# Exercise objective
Take the material below and extract the lines from the one with "For Sale at" through the one with "a woman having", word for word, without pictures.
**** Supplied records ****
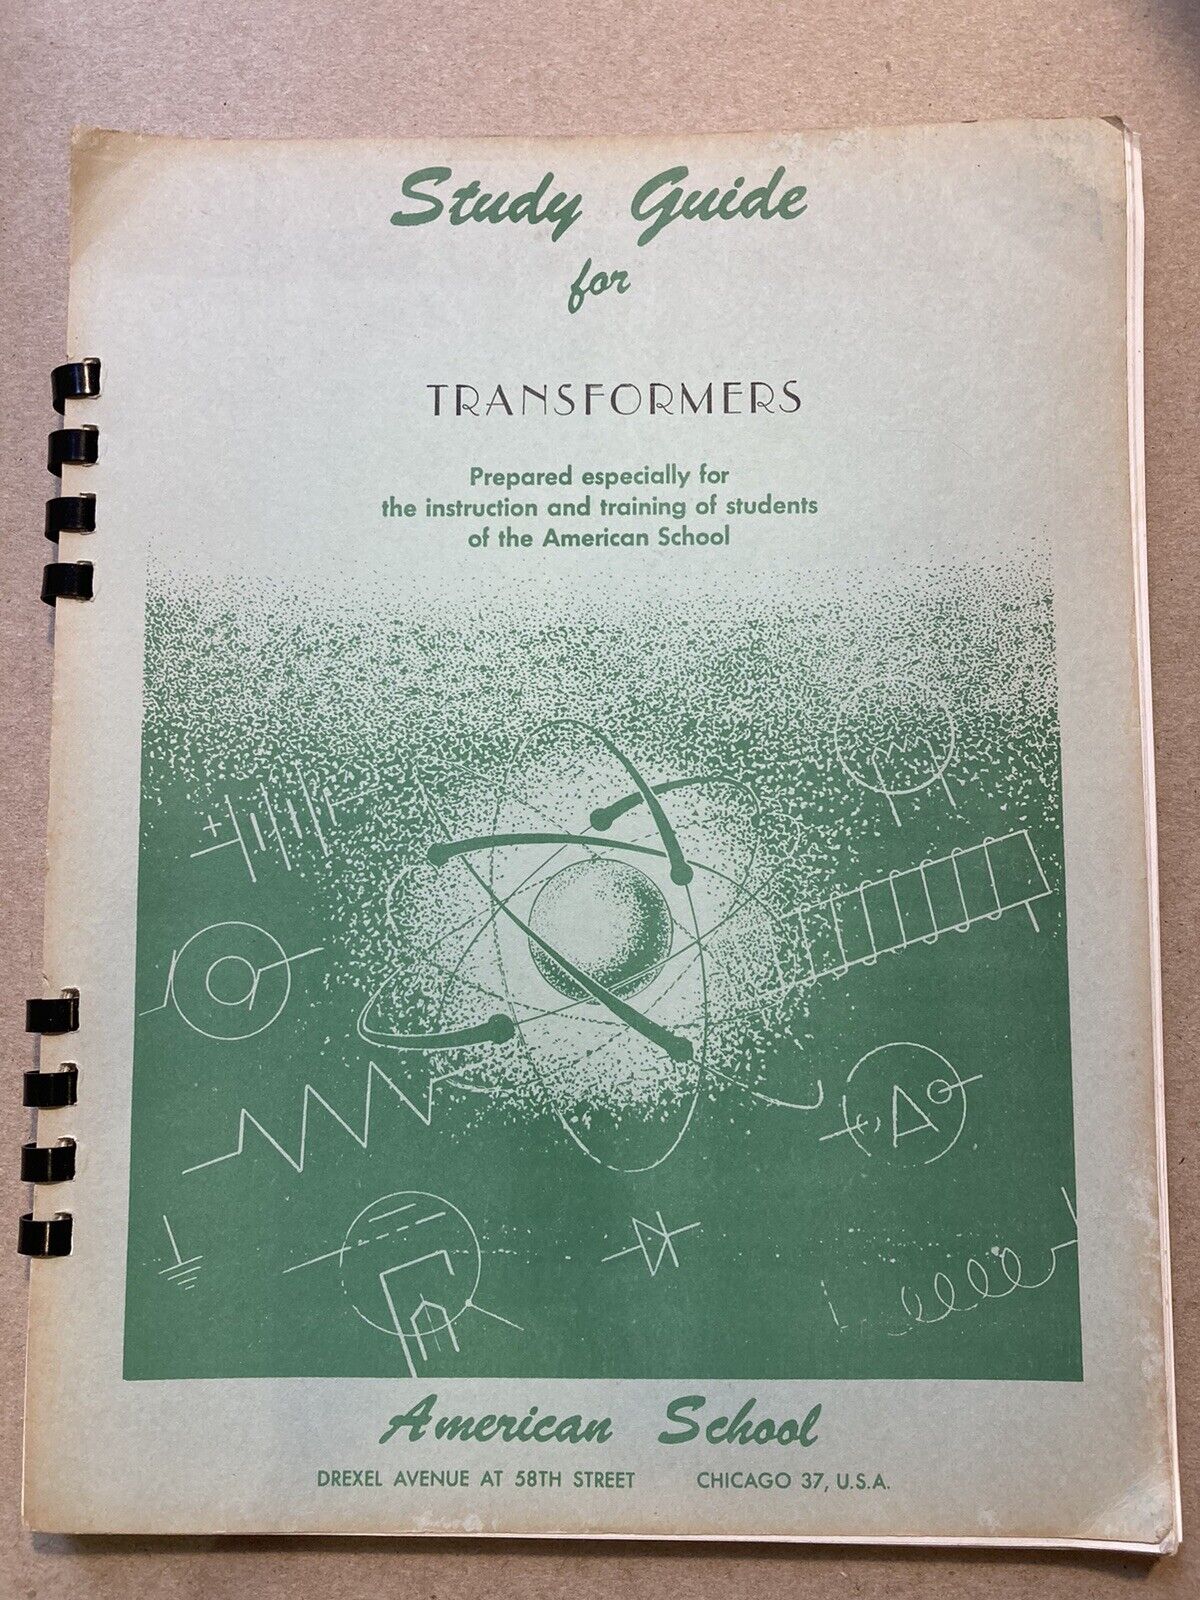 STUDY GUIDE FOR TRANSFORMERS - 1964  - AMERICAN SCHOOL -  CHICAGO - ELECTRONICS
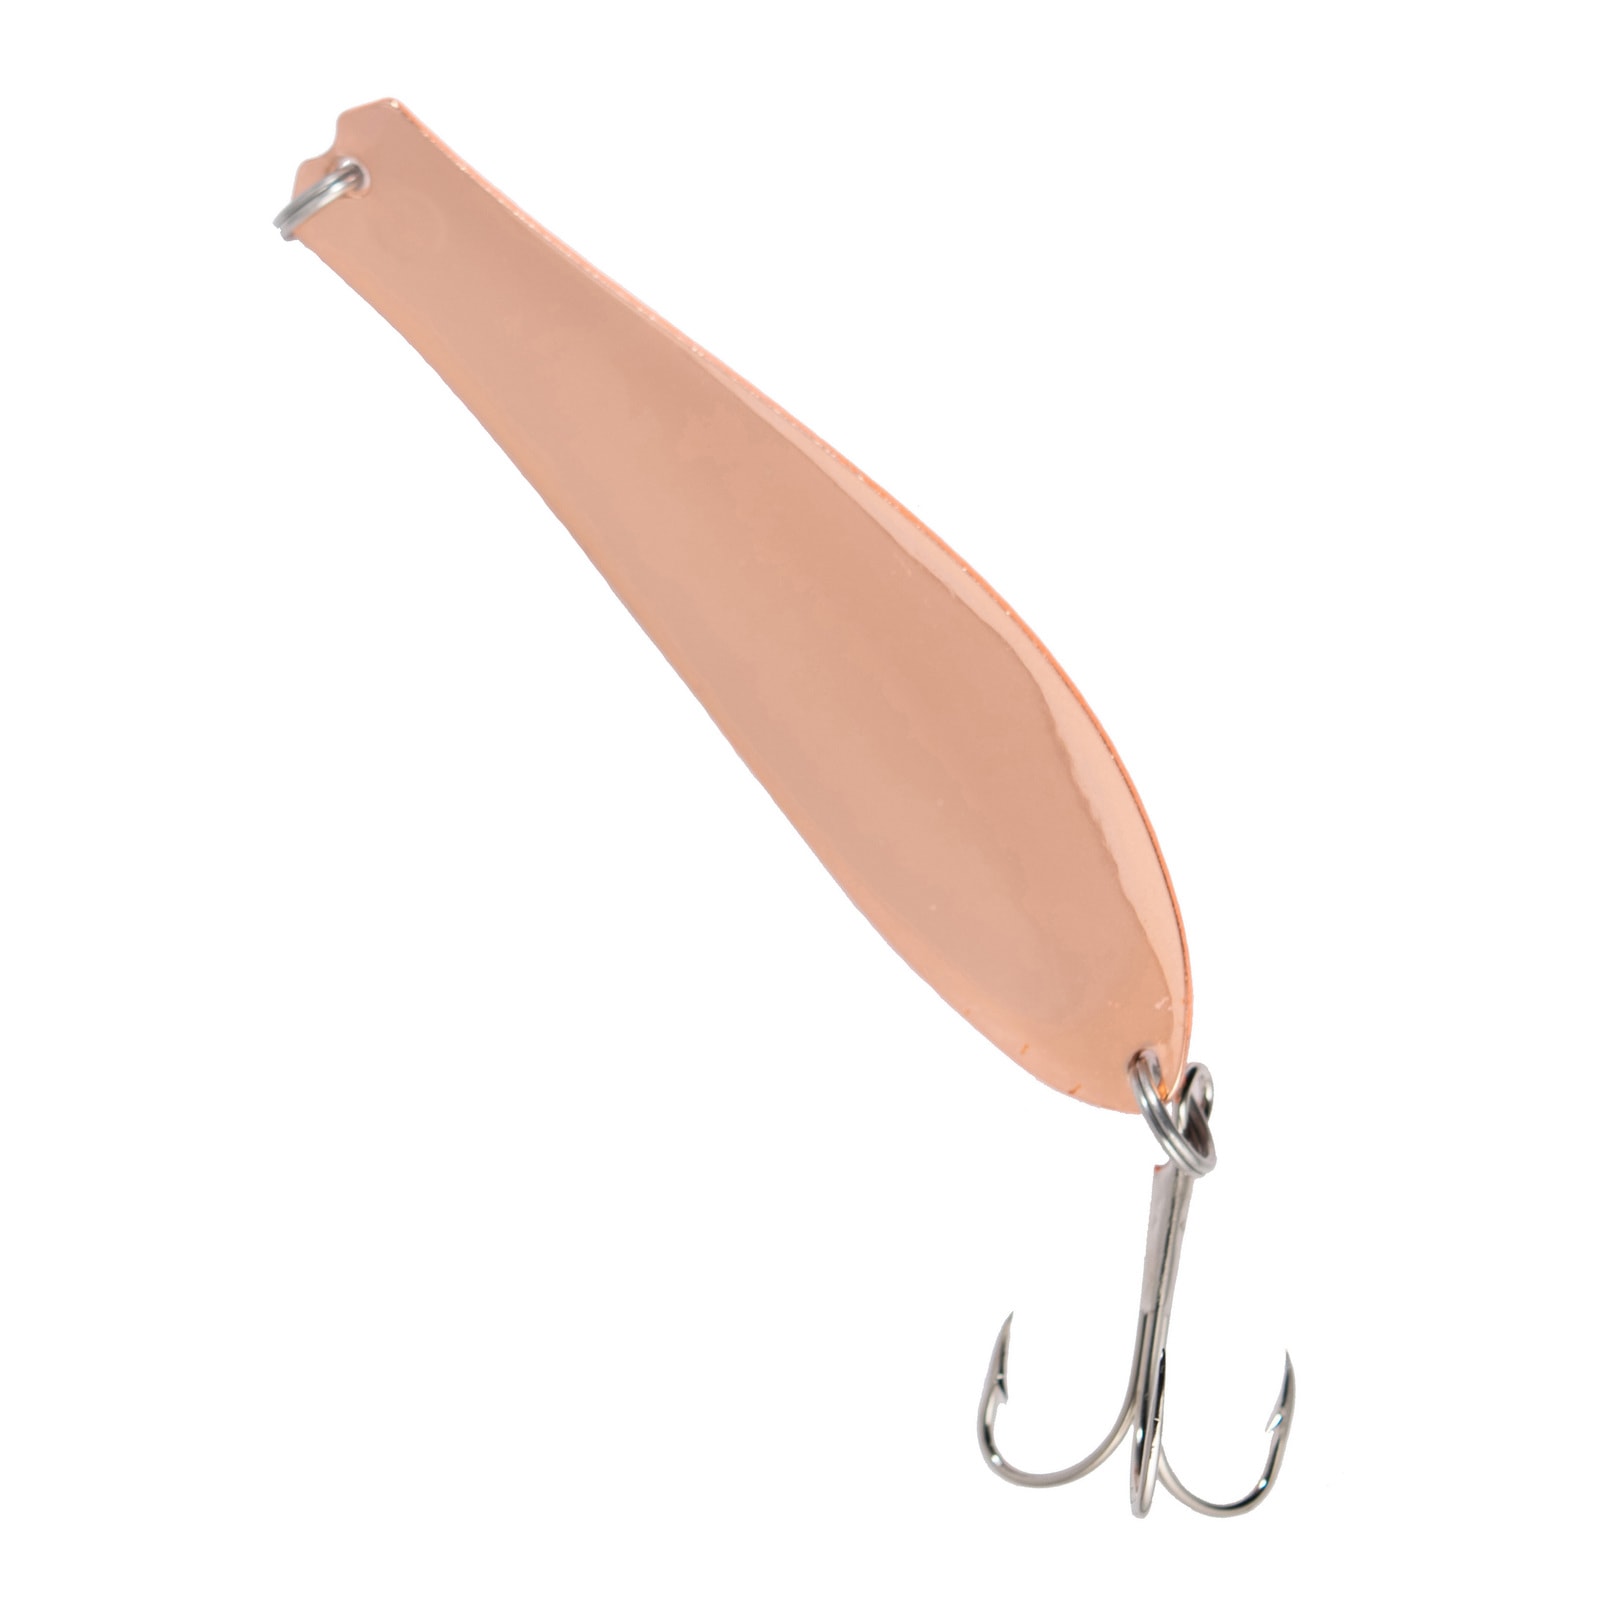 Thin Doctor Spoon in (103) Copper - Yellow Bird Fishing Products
****
**** Supplied records ****
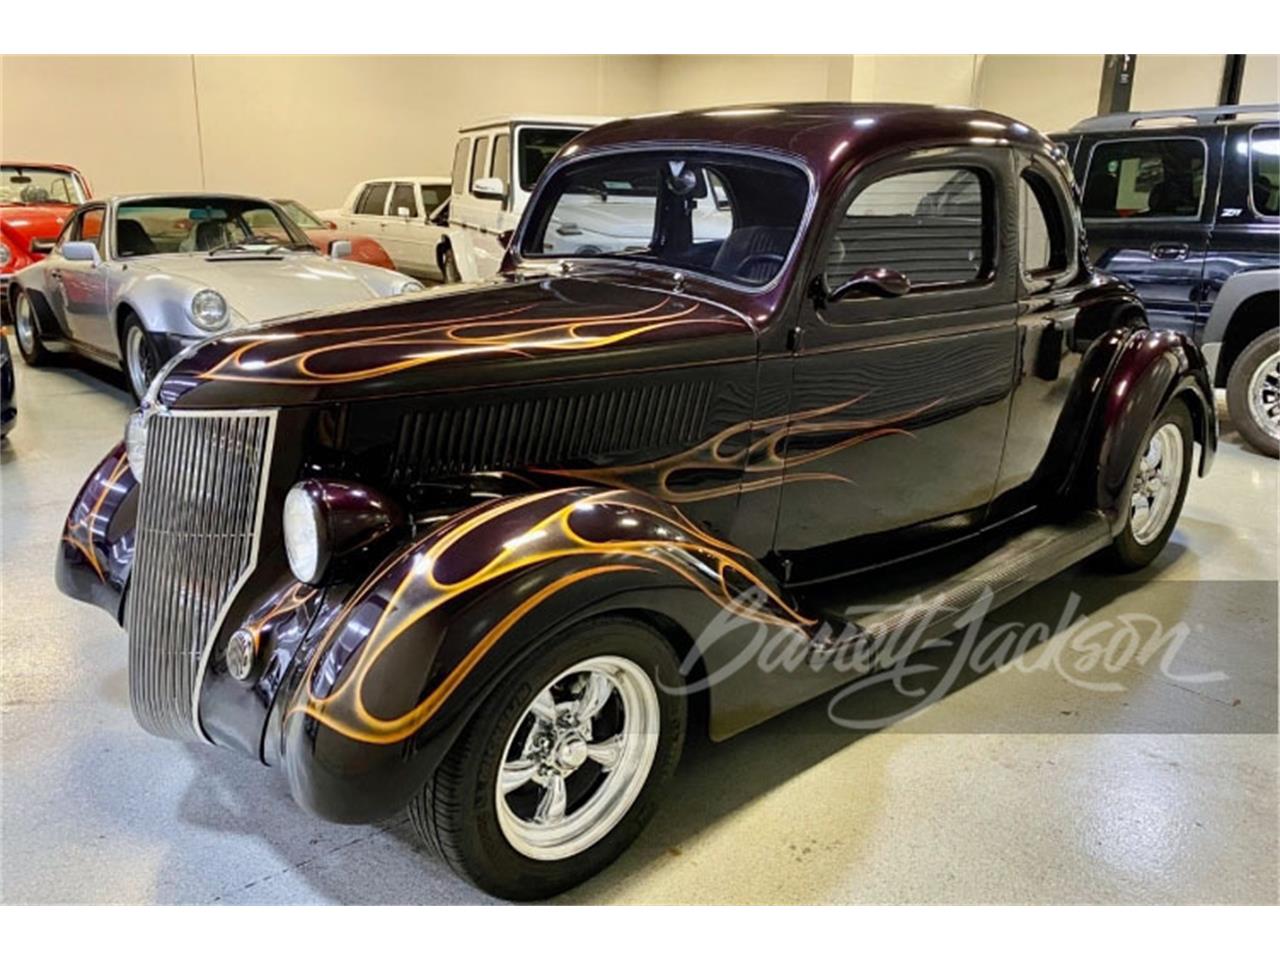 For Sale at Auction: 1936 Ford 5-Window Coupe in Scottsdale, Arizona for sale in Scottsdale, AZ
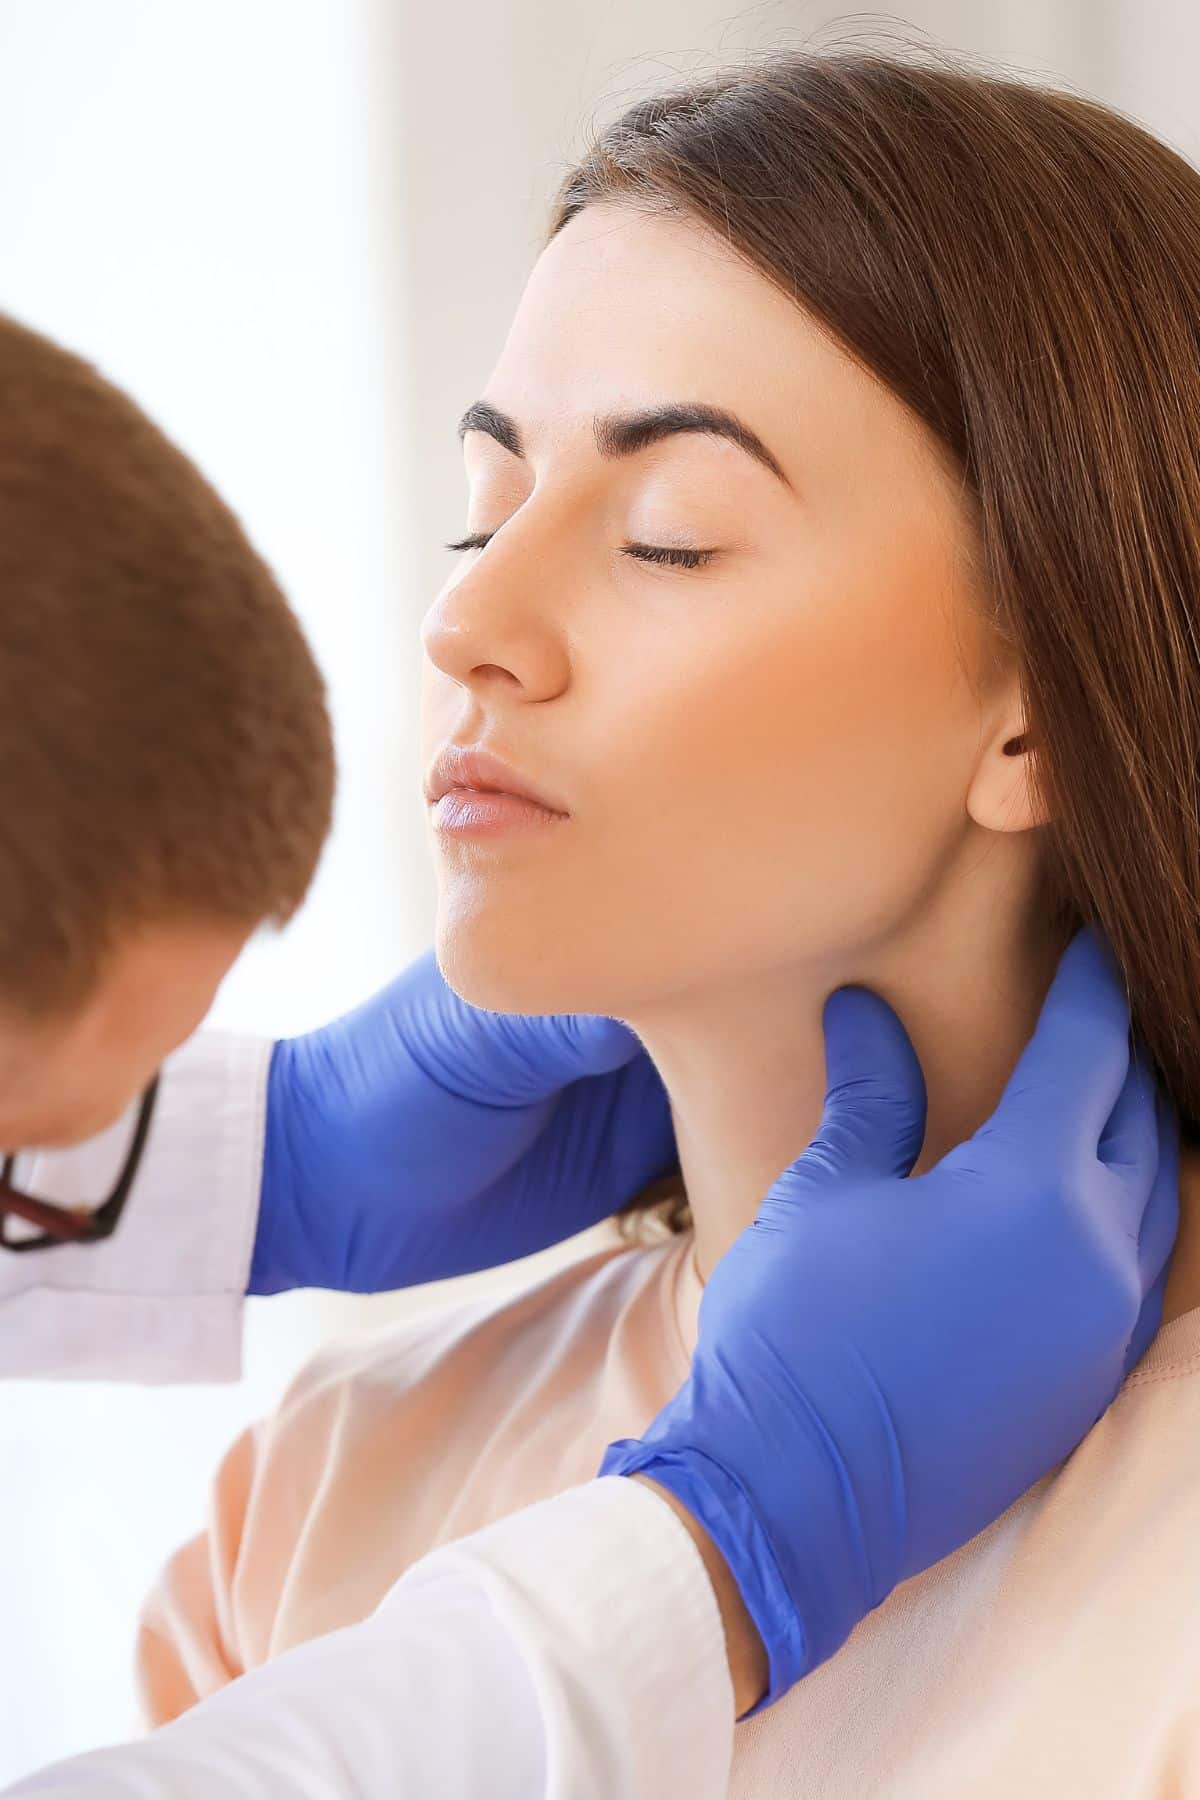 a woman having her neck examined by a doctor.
****
# Exercise result
 For Sale at Auction: 1936 Ford 5-Window Coupe in Scottsdale, Arizona for sale in Scottsdale, AZ
 a woman having her neck examined by a doctor.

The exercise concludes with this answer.